■ **ABOUT THIS TASK**
Reproduce the listing below in full and exactly; no pictures belong in the copy.

■ **SUPPLIED MATERIAL**
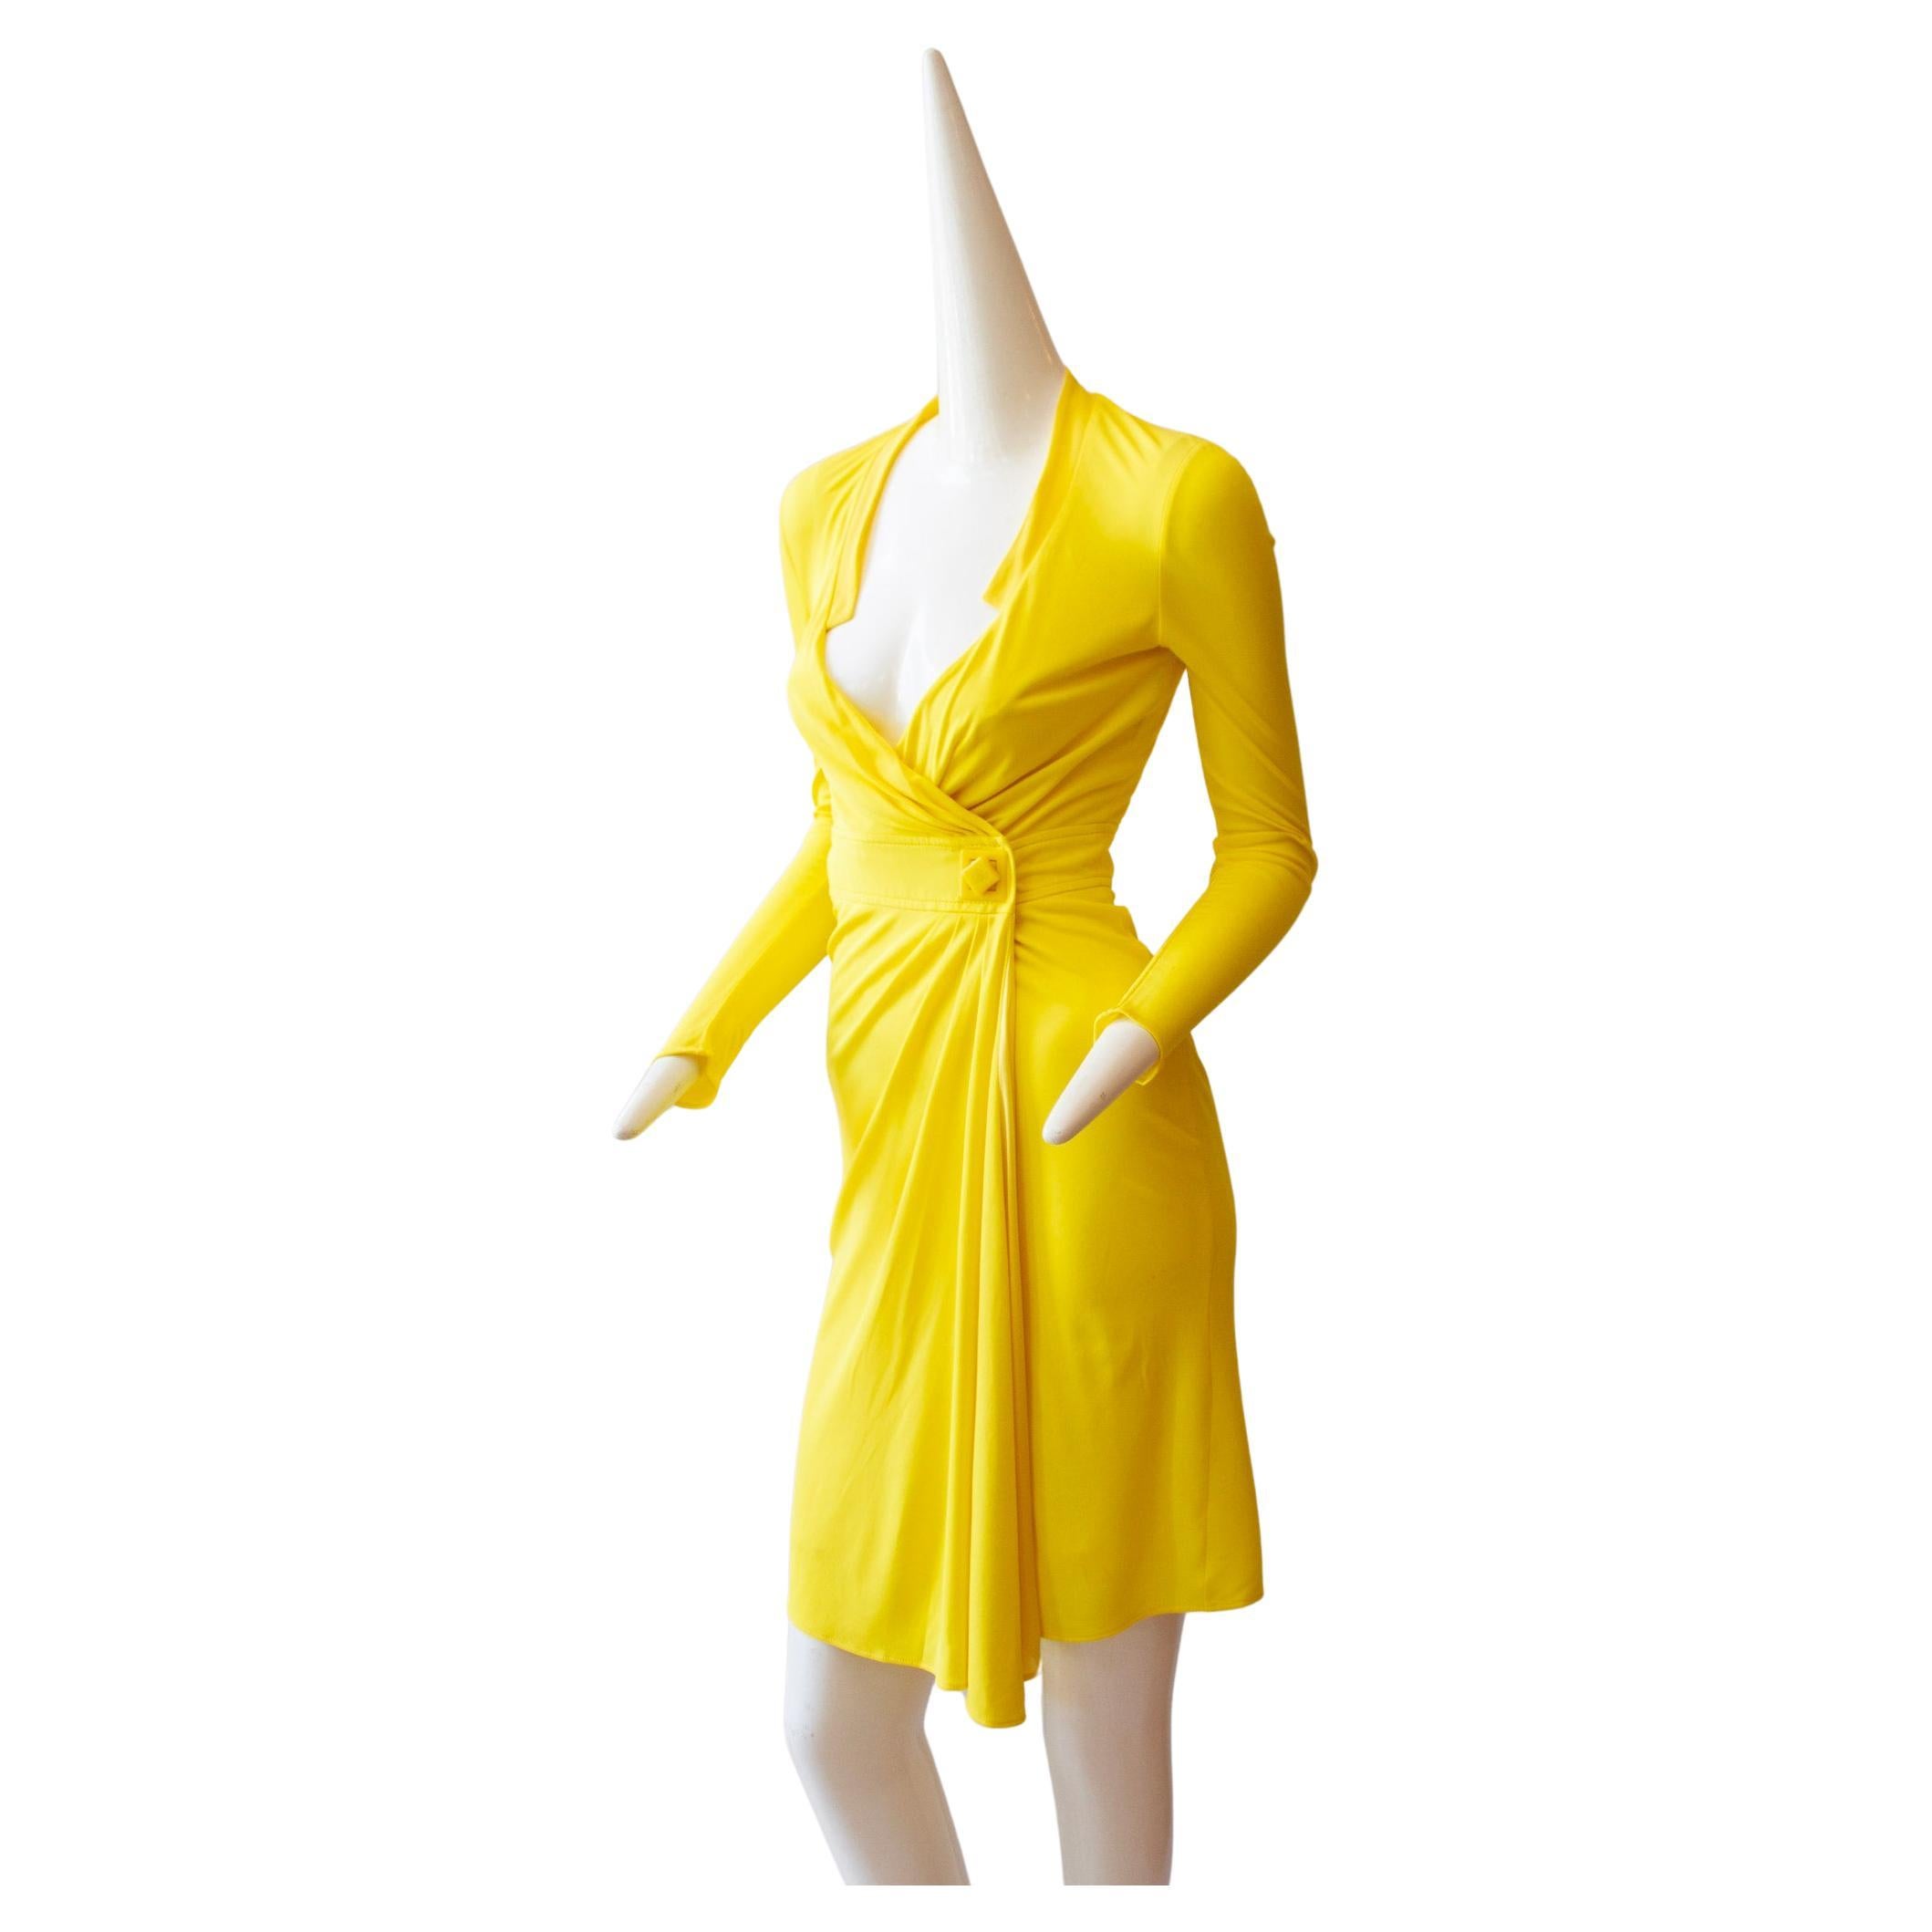 GIANNI VERSACE, Canary Yellow Mid-Length Wrap Dress with Iconic Medusa Fastener For Sale
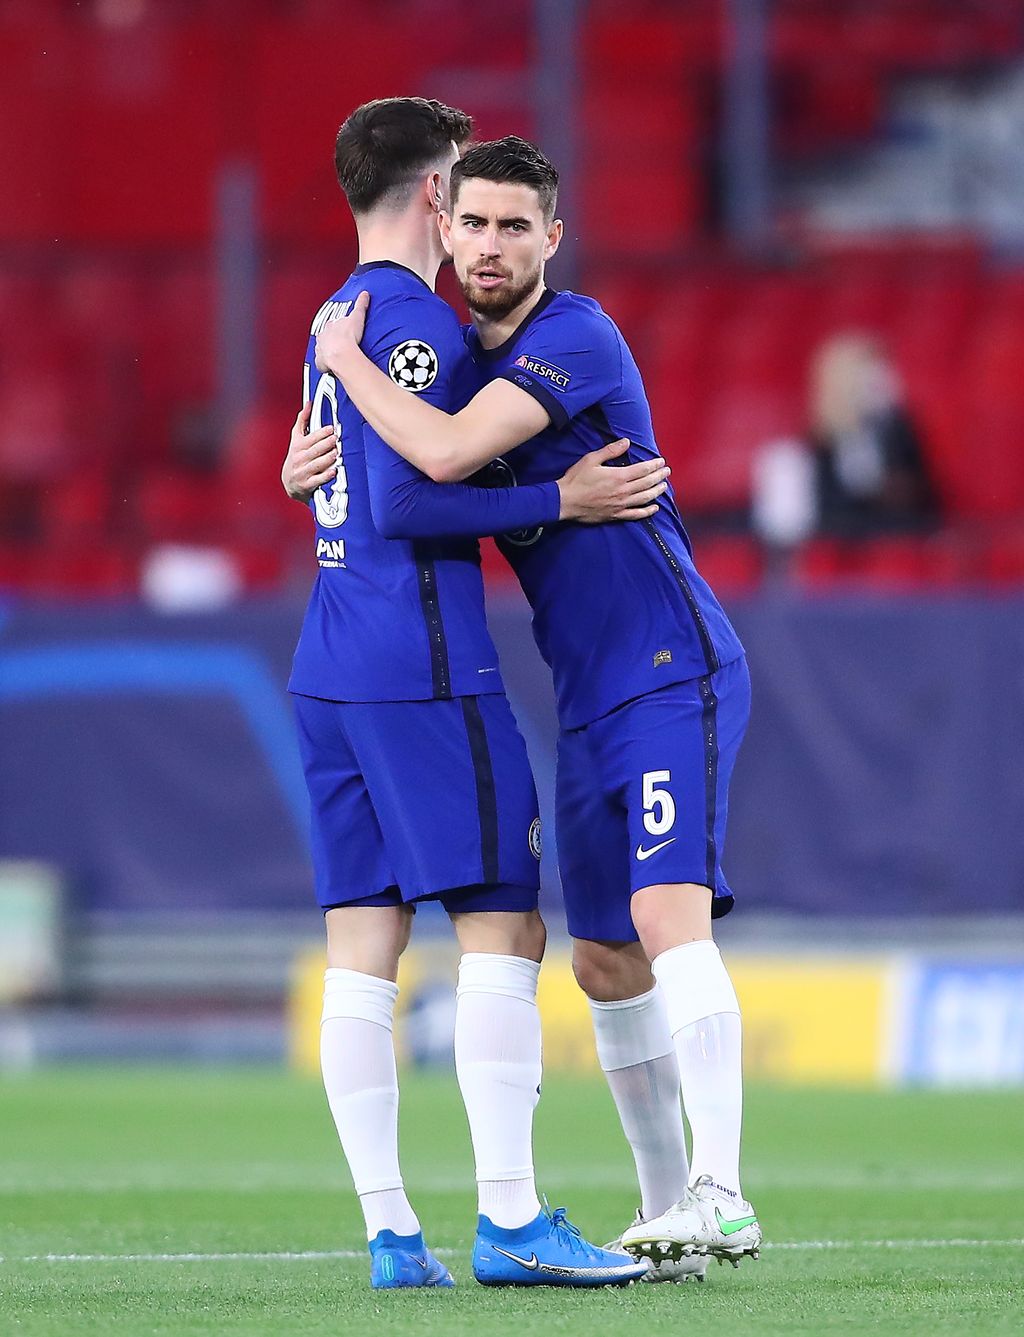 SEVILLE, SPAIN - APRIL 13: Jorginho and Mason Mount of Chelsea CF celebrate during the UEFA Champions League Quarter Final Second Leg match between Chelsea FC and FC Porto at Estadio Ramon Sanchez Pizjuan on April 13, 2021 in Seville, Spain. Sporting stadiums around Spain remain under strict restrictions due to the Coronavirus Pandemic as Government social distancing laws prohibit fans inside venues resulting in games being played behind closed doors. (Photo by Fran Santiago/Getty Images)
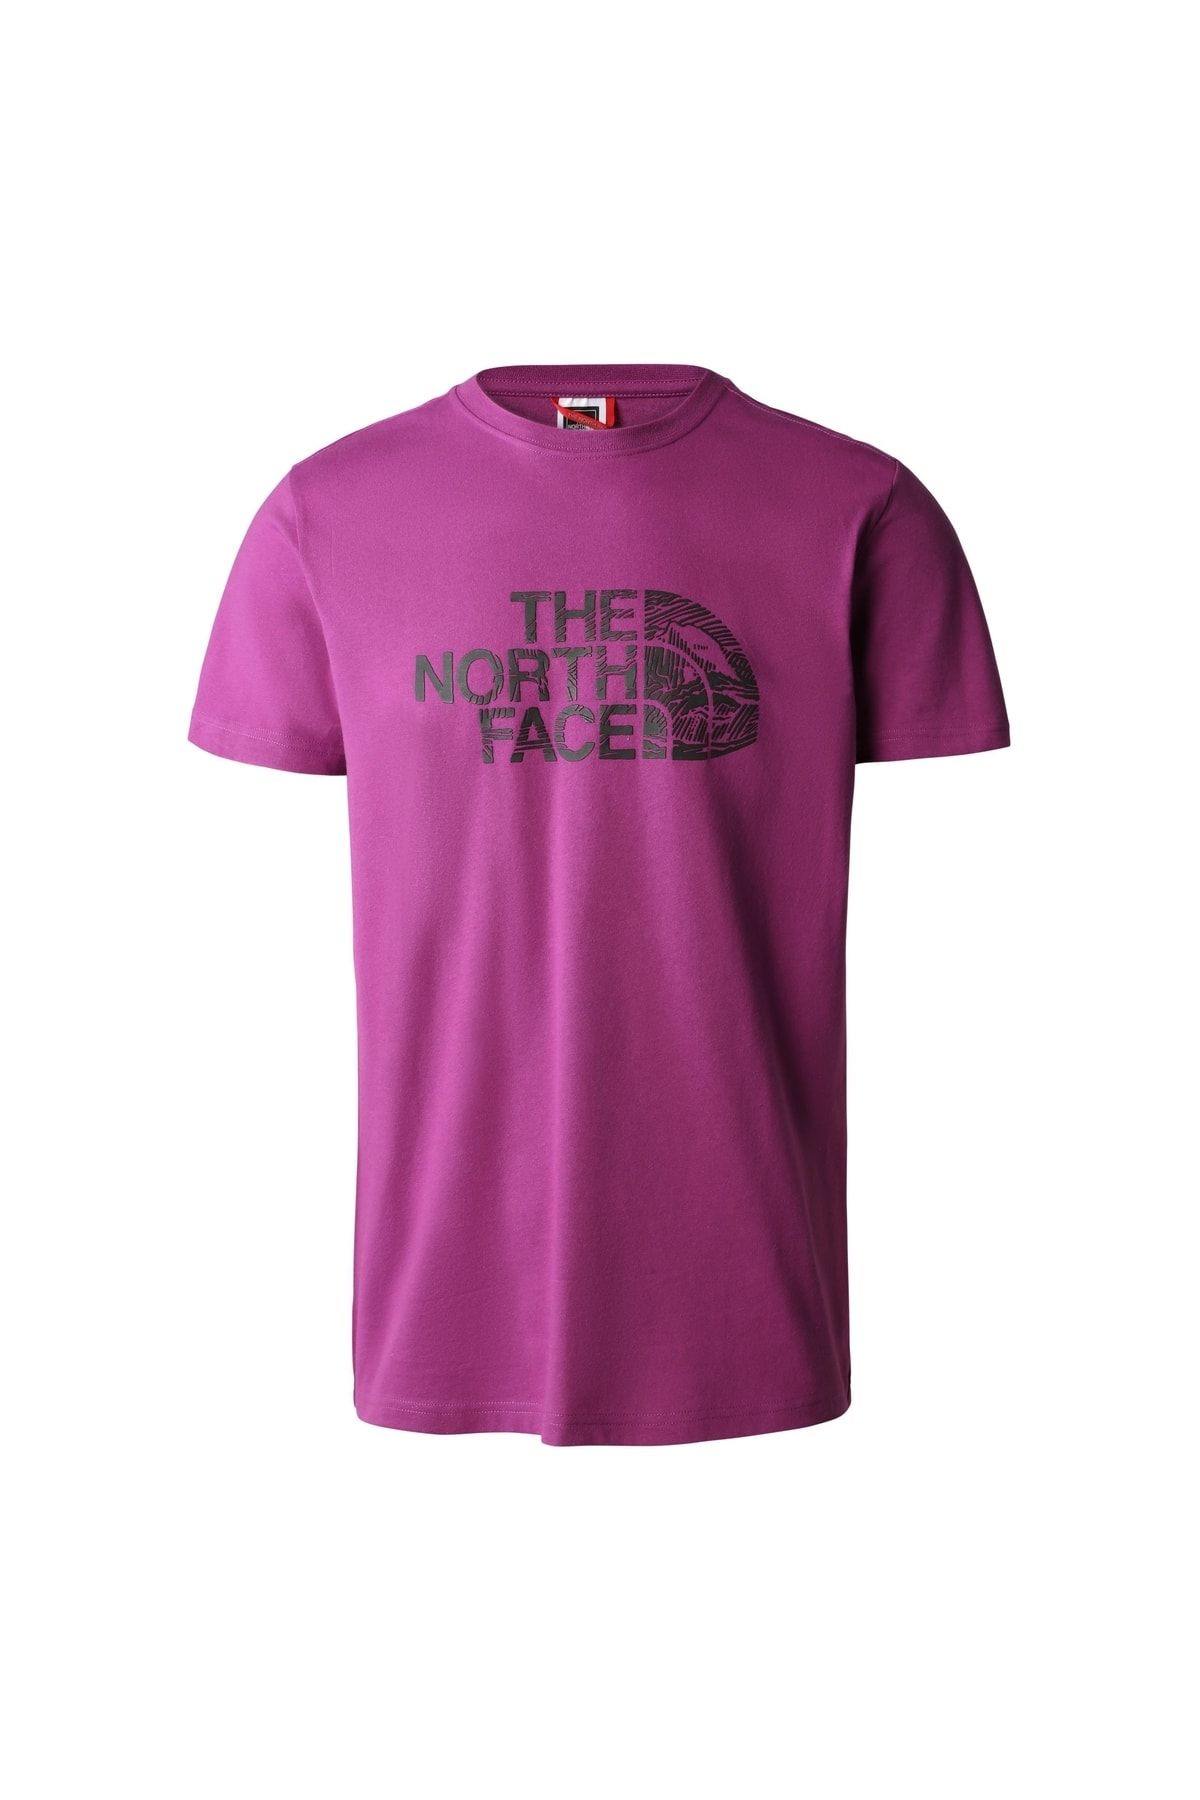 The North Face M S/s Woodcut Dome Tee-eu Erkek Tshirt - Bisiklet

■ **WRITTEN SOLUTION**
 GIANNI VERSACE, Canary Yellow Mid-Length Wrap Dress with Iconic Medusa Fastener For Sale
 SEVILLE, SPAIN - APRIL 13: Jorginho and Mason Mount of Chelsea CF celebrate during the UEFA Champions League Quarter Final Second Leg match between Chelsea FC and FC Porto at Estadio Ramon Sanchez Pizjuan on April 13, 2021 in Seville, Spain. Sporting stadiums around Spain remain under strict restrictions due to the Coronavirus Pandemic as Government social distancing laws prohibit fans inside venues resulting in games being played behind closed doors. (Photo by Fran Santiago/Getty Images)
 The North Face M S/s Woodcut Dome Tee-eu Erkek Tshirt - Bisiklet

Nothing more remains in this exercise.